### DATA FOR ANALYSIS

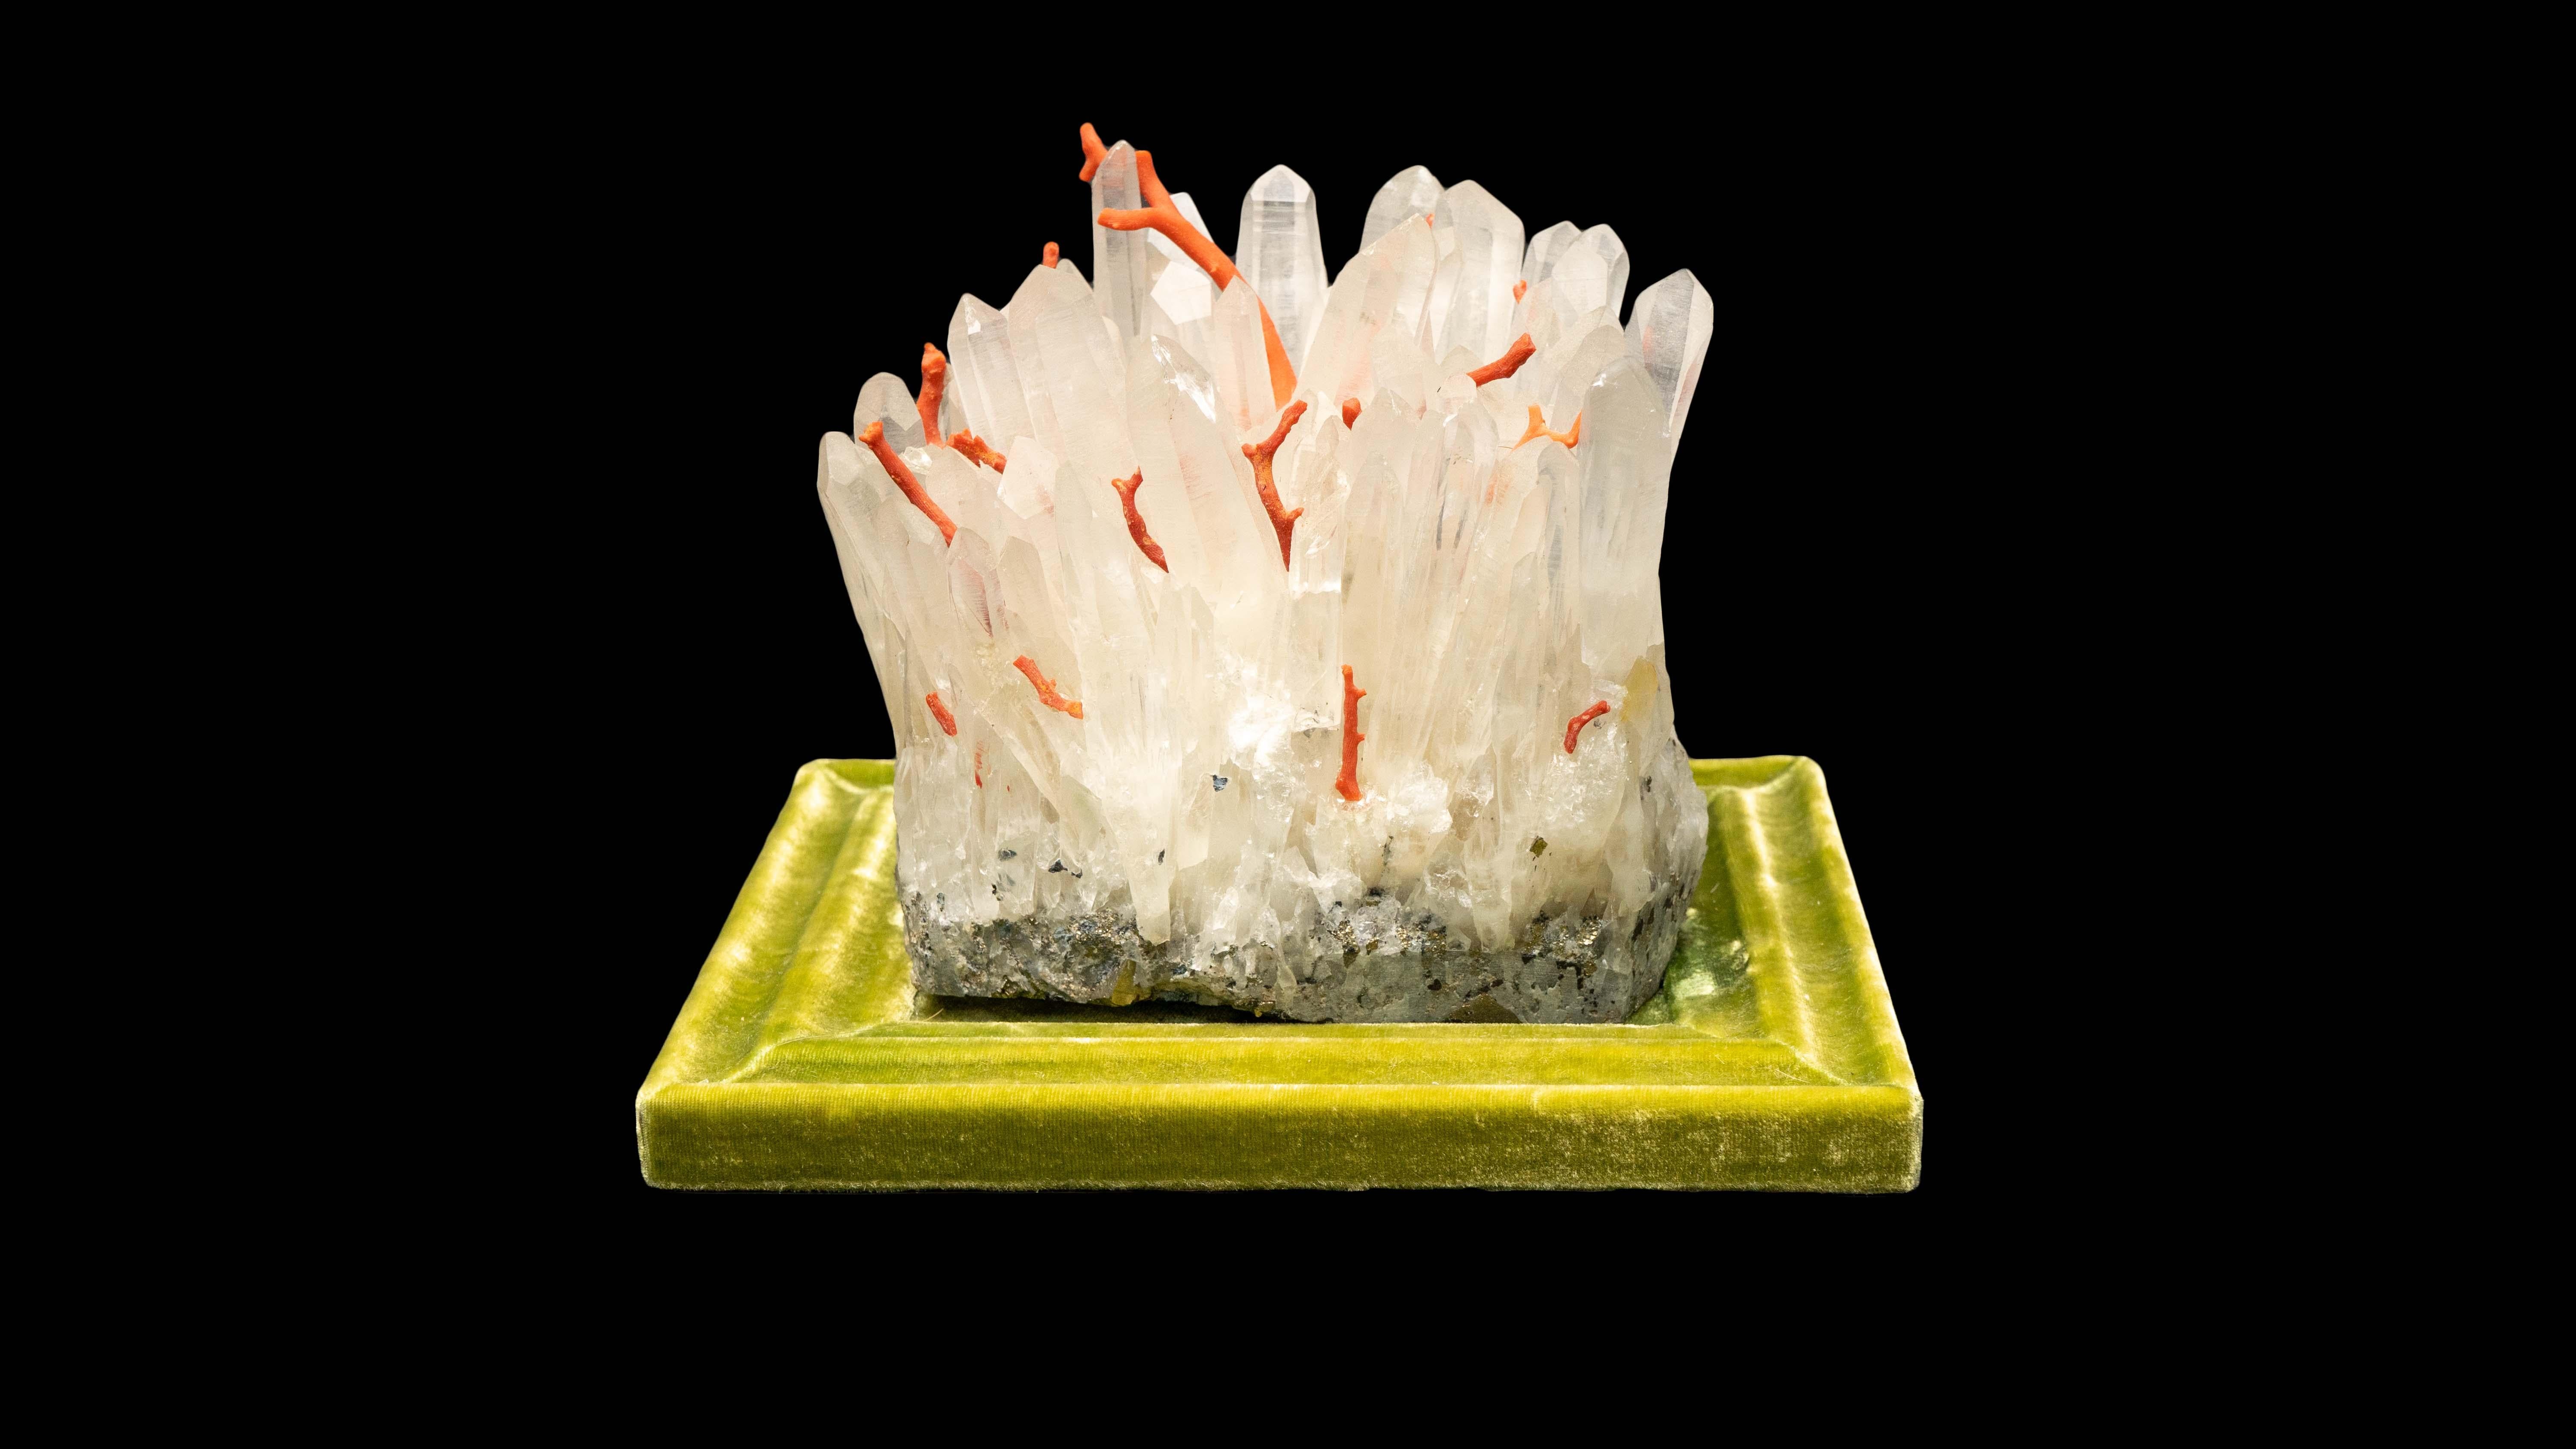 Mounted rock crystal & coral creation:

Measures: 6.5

...

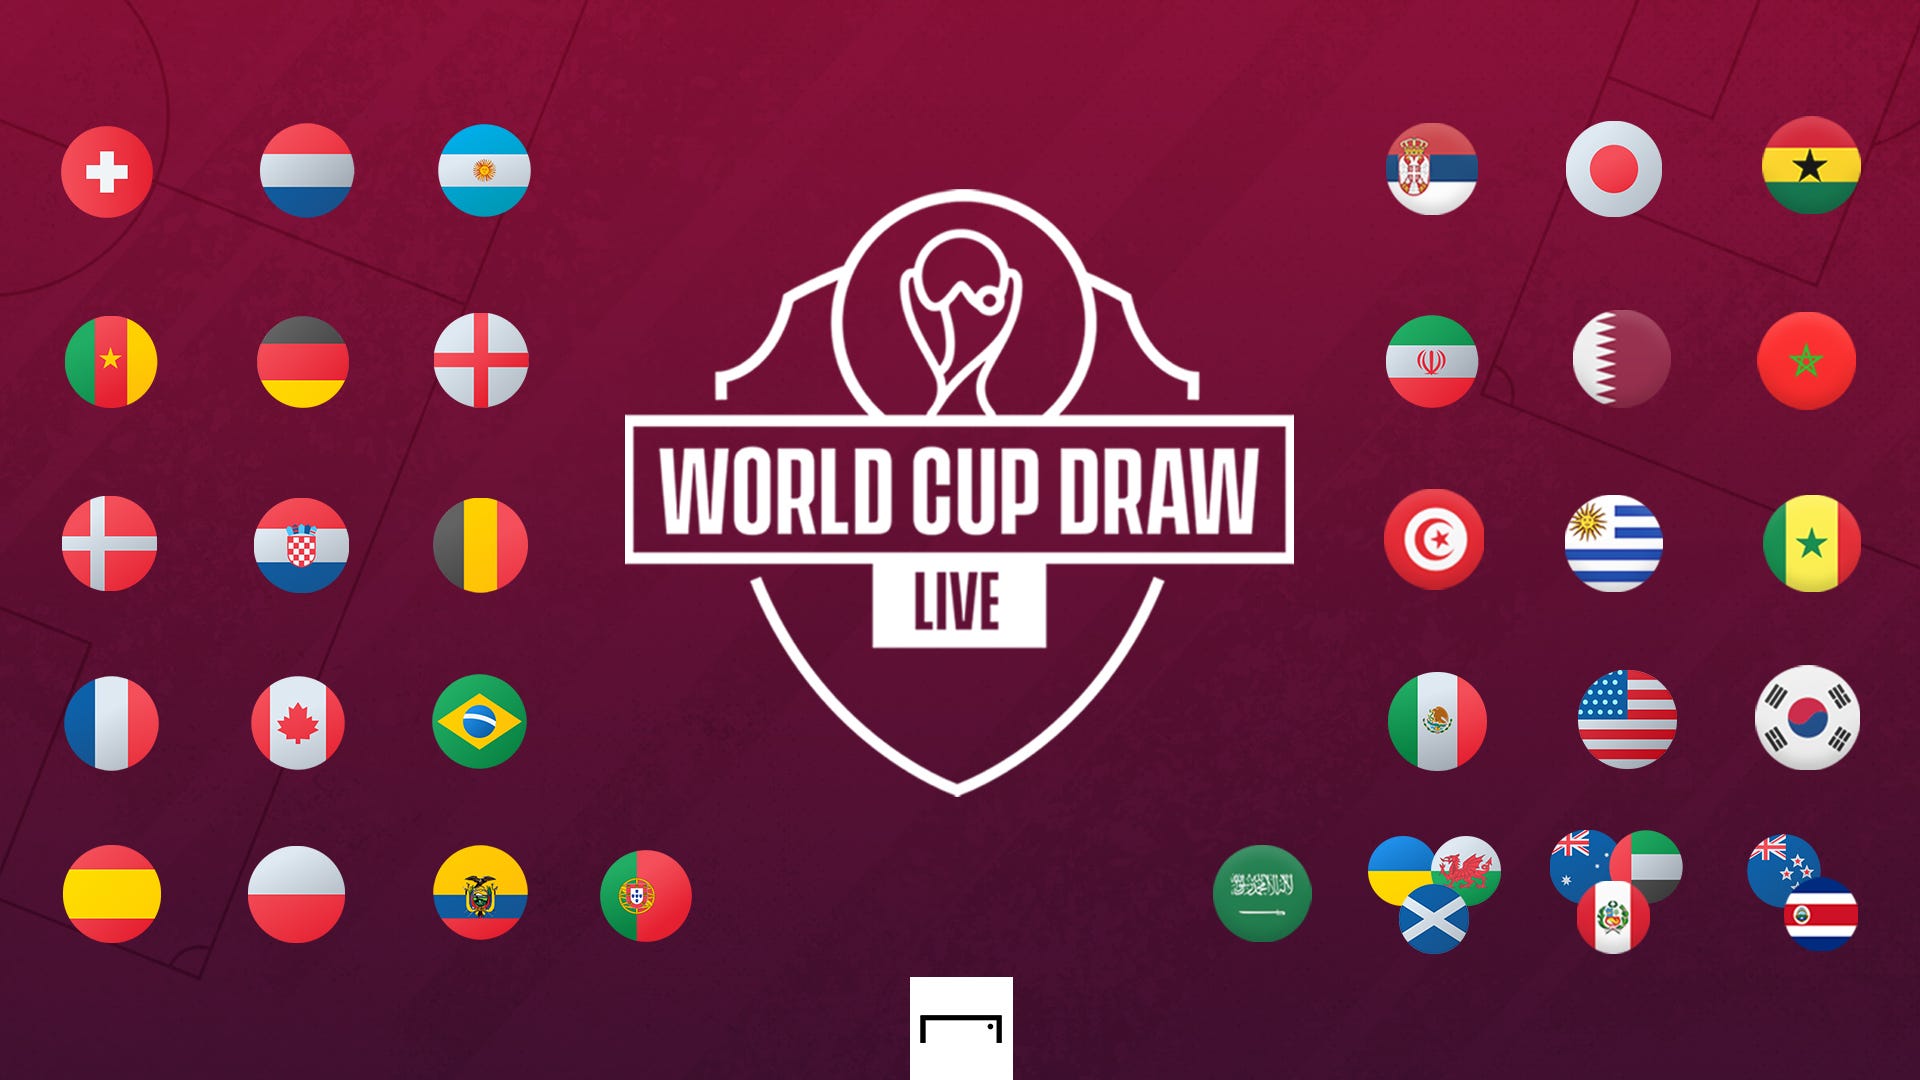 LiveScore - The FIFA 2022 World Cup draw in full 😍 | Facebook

### HOW TO COMPLETE THIS TASK
Only the lines of the listing above from the one with "Mounted rock crystal" through the one with "Measures: 6.5" should be output, exactly, with both ends kept and pictures left out.

### TASK RESULT
 Mounted rock crystal & coral creation:

Measures: 6.5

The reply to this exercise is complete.